Werke von Max Reger, Philipp Maintz, Louis Vierne und Herbert Howells

Counterlight – Chorale Visions of Light and Darkness

Angela Metzger an der Eule-Orgel der Konstantinbasilika in Trier

Verlag/Label: Rondeau Production, ROP6285 (2025)
erschienen in: organ - Journal für die Orgel 2026/01 , Seite 60

Licht als Thema eines Orgelalbums – das klingt im ersten Augenblick vielleicht trivial, ist es hier aber überhaupt nicht, zumal wir es mit einem ganz speziellen Licht, dem Gegenlicht, zu tun haben; bildende Künstler stellt es vor enorme Herausforderungen. Angela Metzgers Choral Visions of Light and Darkness setzen dabei weder auf das Gestaltungsmittel des Chiaroscuro (Begriff aus der Malerei), noch gehen sie den „ausgelatschten“ Weg „per aspera ad astra“ bzw. „ex tenebris in lucem“. Metzger stellt das Psalm Prelude Nr. 3 „Und ob ich schon wanderte im finstern Tal“ aus Set 1, op. 32 von Herbert Howells buchstäblich ins Zentrum ihres Albums und gruppiert die übrigen sechs Werke spiegelsymmetrisch darum herum: von Max Reger (Beginn und Ende), Philipp Maintz (Jg. 1977, seine beiden Kompositionen erklingen an 2. und 6. Stelle) und Louis Vierne (Track 3 und 5). Alle diese Werke thematisieren das Licht auf eher subtile Weise: Sowohl im choralvorspiel XIX – wie schön leucht’ uns der morgenstern von Maintz als auch in Regers Fantasie op. 40 Nr. 1 über denselben Choral wird man nicht (mit Virtuosität) „geblendet“. Dasselbe gilt für Regers Dankpsalm op. 145 Nr. 2 sowie für Maintz’ choralvorspiel III „die nacht ist vorgedrungen“. Das einzige hell strahlende Werk der CD ist Viernes Hymne au soleil op. 53 Nr. 3; seine Feux follets op. 53, Nr. 4 geistern viel zwielichtiger über die Manuale und Pedale als die Hymne.
Die Werkabfolge und -dramaturgie ist klug gewählt und in sich stimmig – und sie verleiht dem Psalm von Howells tatsächlich besonderes Gewicht. Metzger gestaltet dieses Werk, wie alle anderen, mit ruhiger, souveräner Hand, fantastischen Registerfarben und den genau richtigen Tempi.

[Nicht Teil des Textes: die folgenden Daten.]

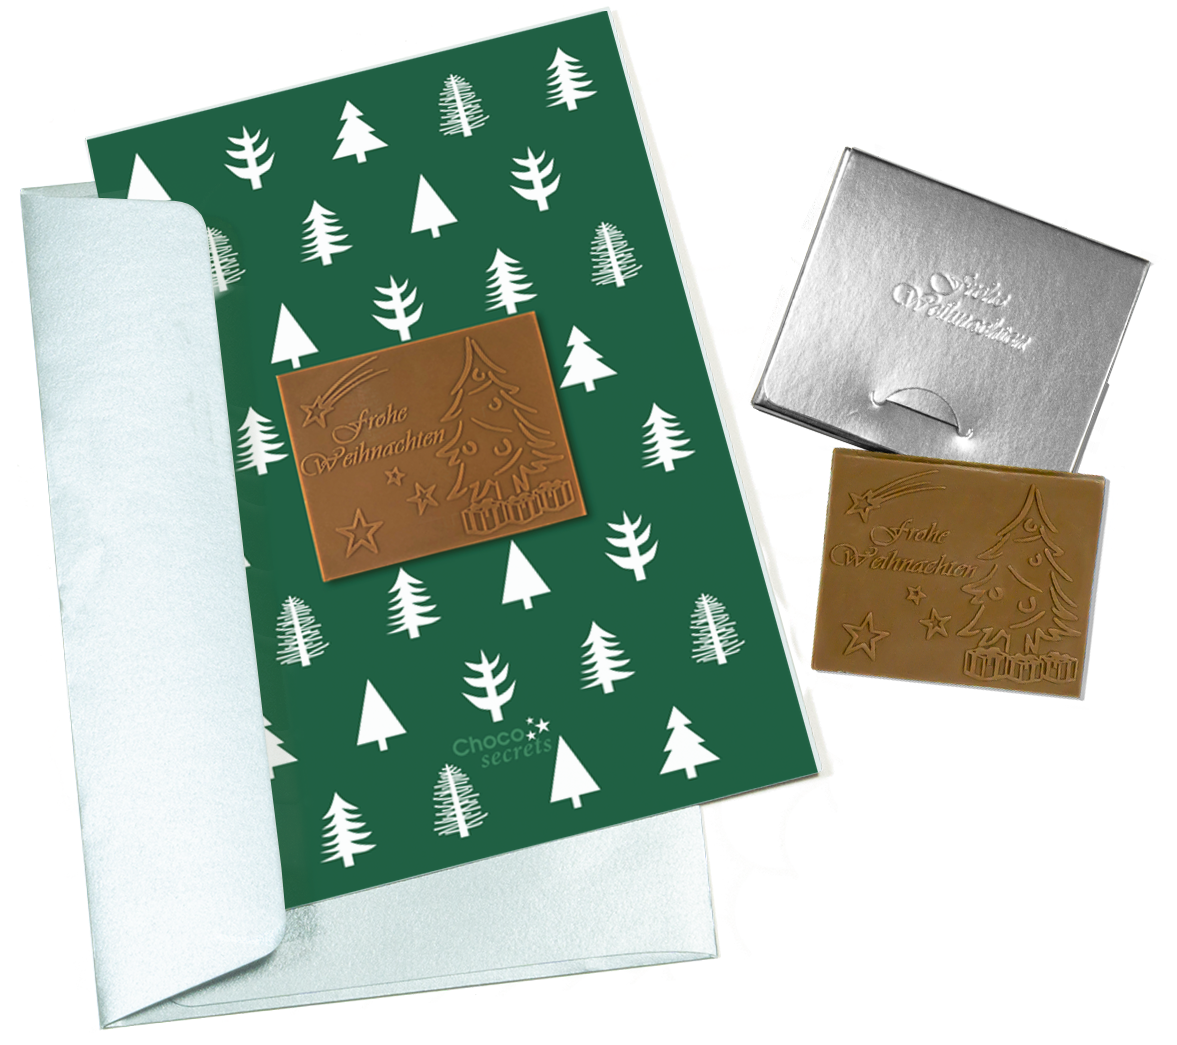 Cartes de Noël avec chocolat en relief dans une boîte en argent, lot de 5, motif de carte : vert avec des arbres, chocolat en relief : "Frohe Weihnachten", enveloppe en argent

Vor allem beeindruckt, wie sie es schafft, die Akustik und den langen Nachhall der riesigen Konstantinbasilika für ihre Zwecke zu nutzen. Es gelingt ihr, alle Stücke, auch Viernes toc­catahafte Hymne, vor allem aber die dichten Reger-Texturen, sich logisch entwickeln und wie einen leben­digen Organismus atmen zu lassen. Nichts wirkt überstürzt, gehetzt oder gar geschludert. Metzger ist eine Klang-Architektin, und dass sie ihr Fuß- und Handwerk versteht, hat sie auf ihrem letzten Album mit Orgelwerken von Betsy Jolas (NEOS, Besprechung in organ 4/2025) eindrücklich unter Beweis gestellt.
Positive Überraschungen sind ferner die beiden choralvorspiele des aus Aachen stammenden Philipp Maintz, die hier als Welterstein­spielungen erklingen. Im Booklet erfahren wir, dass Maintz seit 2017 nach dem Vorbild von Bachs Orgelbüchlein an einem Zyklus von Choralvorspielen arbeitet, zuerst für den liturgischen, dann auch für den konzertanten Gebrauch. Es sind meditative, sehr zurückhaltend, aber eindrücklich kolorierte Vorspiele, welche die Choralmelodien zwar meist fragmentiert, dennoch immer erkennbar durchscheinen lassen und die einen Ehrenplatz im The Orgelbüchlein Project (www.orgelbuechlein.co.uk) verdient hätten.
In „Kooperation“ mit der sinfonisch disponierten Eule-Orgel der Trierer Konstantinbasilika (87 Register) und der „gewaltigen“ Akus­tik der ursprünglichen römischen Palastaula gelingt Angela Metzger ein interpretatorisch und konzeptionell rundum überzeugendes Album.